### Data segment
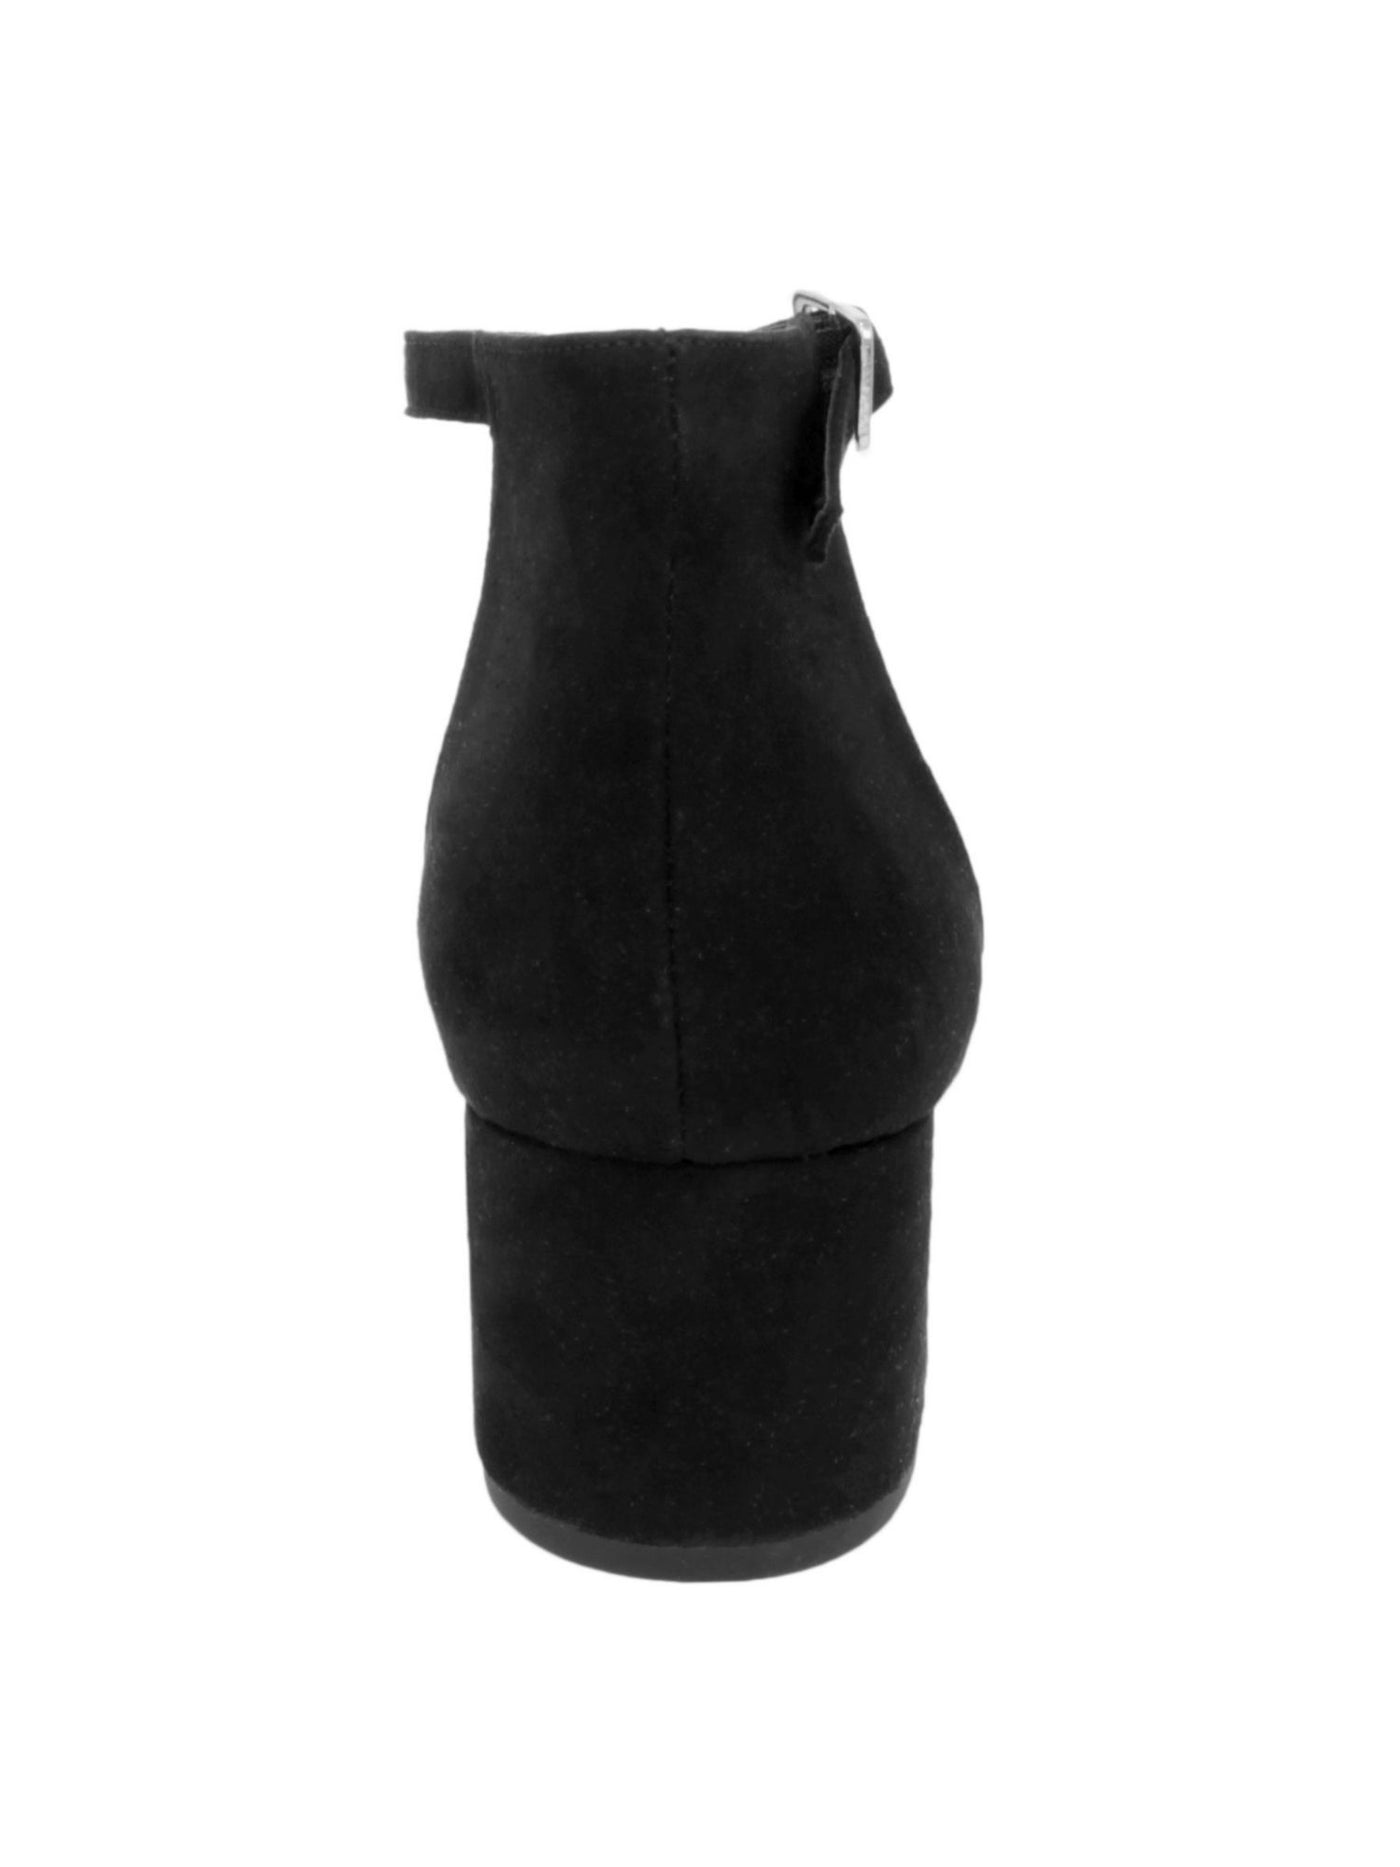 SUGAR Womens Black Adjustable Strap Noelle Low Open Toe Block Heel Buckle Dress Sandals 8 M
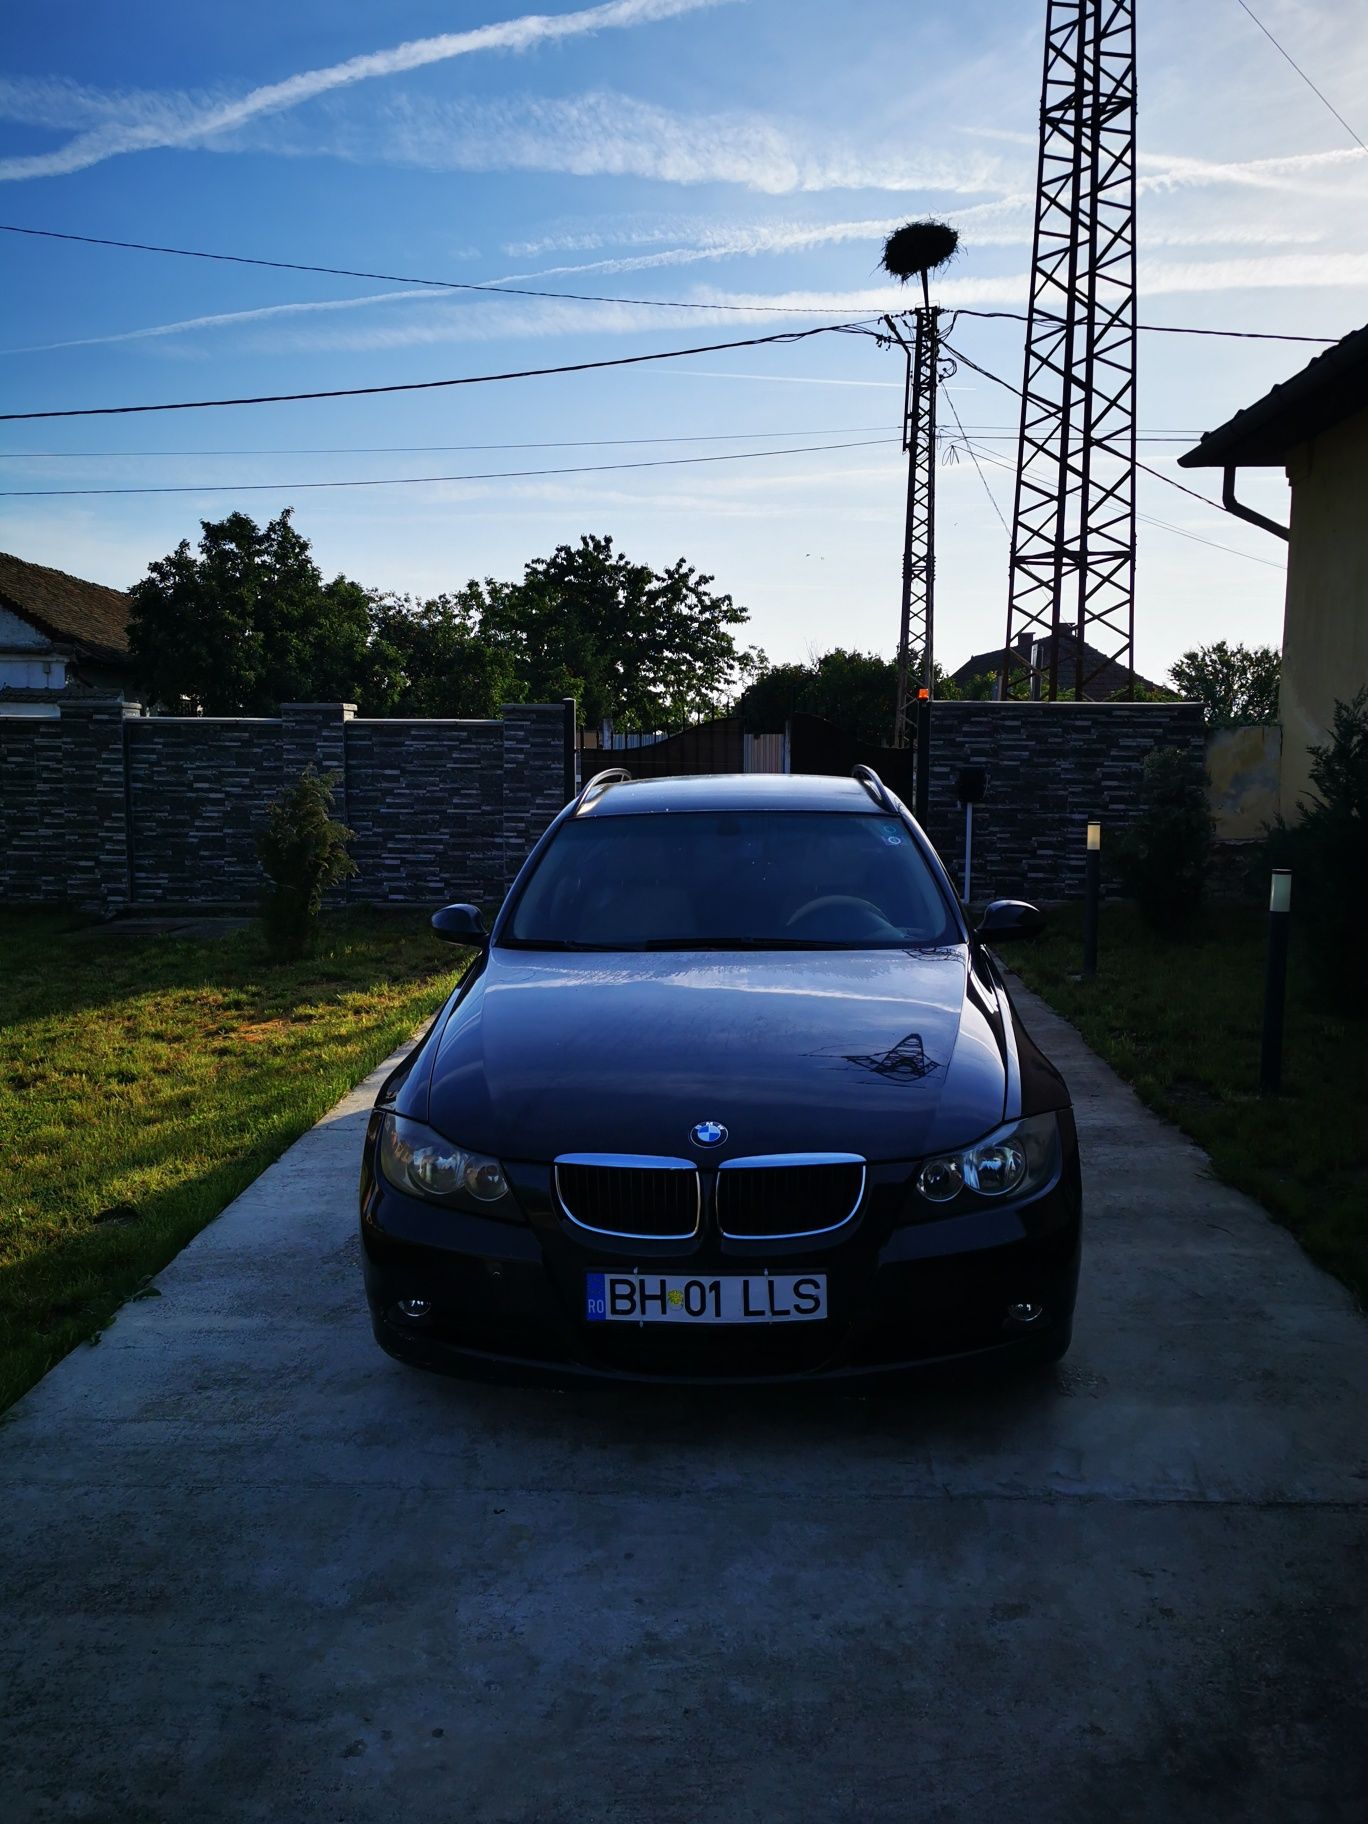 Vând BMW e91. 163CP
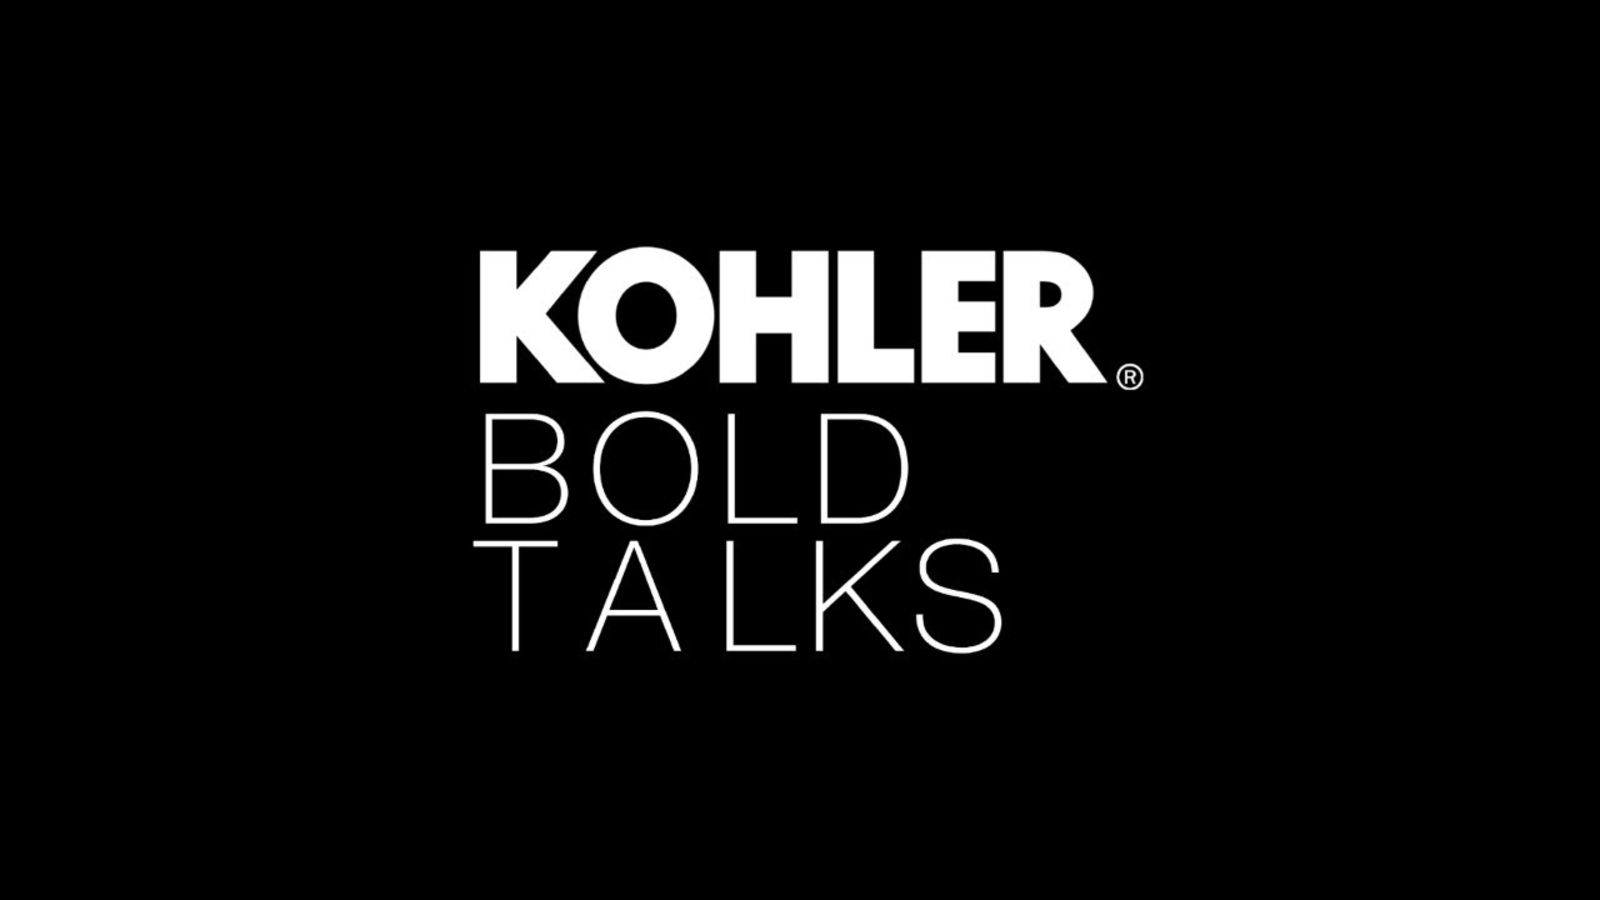 Kohler Bold Talks with Shabnam Gupta and Abin Chaudhuri I Moderated by Madhav Raman

### Problem details
Each line of the data is to be duplicated exactly; pictures stay out of the copy.

### Solution for this problem
 SUGAR Womens Black Adjustable Strap Noelle Low Open Toe Block Heel Buckle Dress Sandals 8 M
 Vând BMW e91. 163CP
 Kohler Bold Talks with Shabnam Gupta and Abin Chaudhuri I Moderated by Madhav Raman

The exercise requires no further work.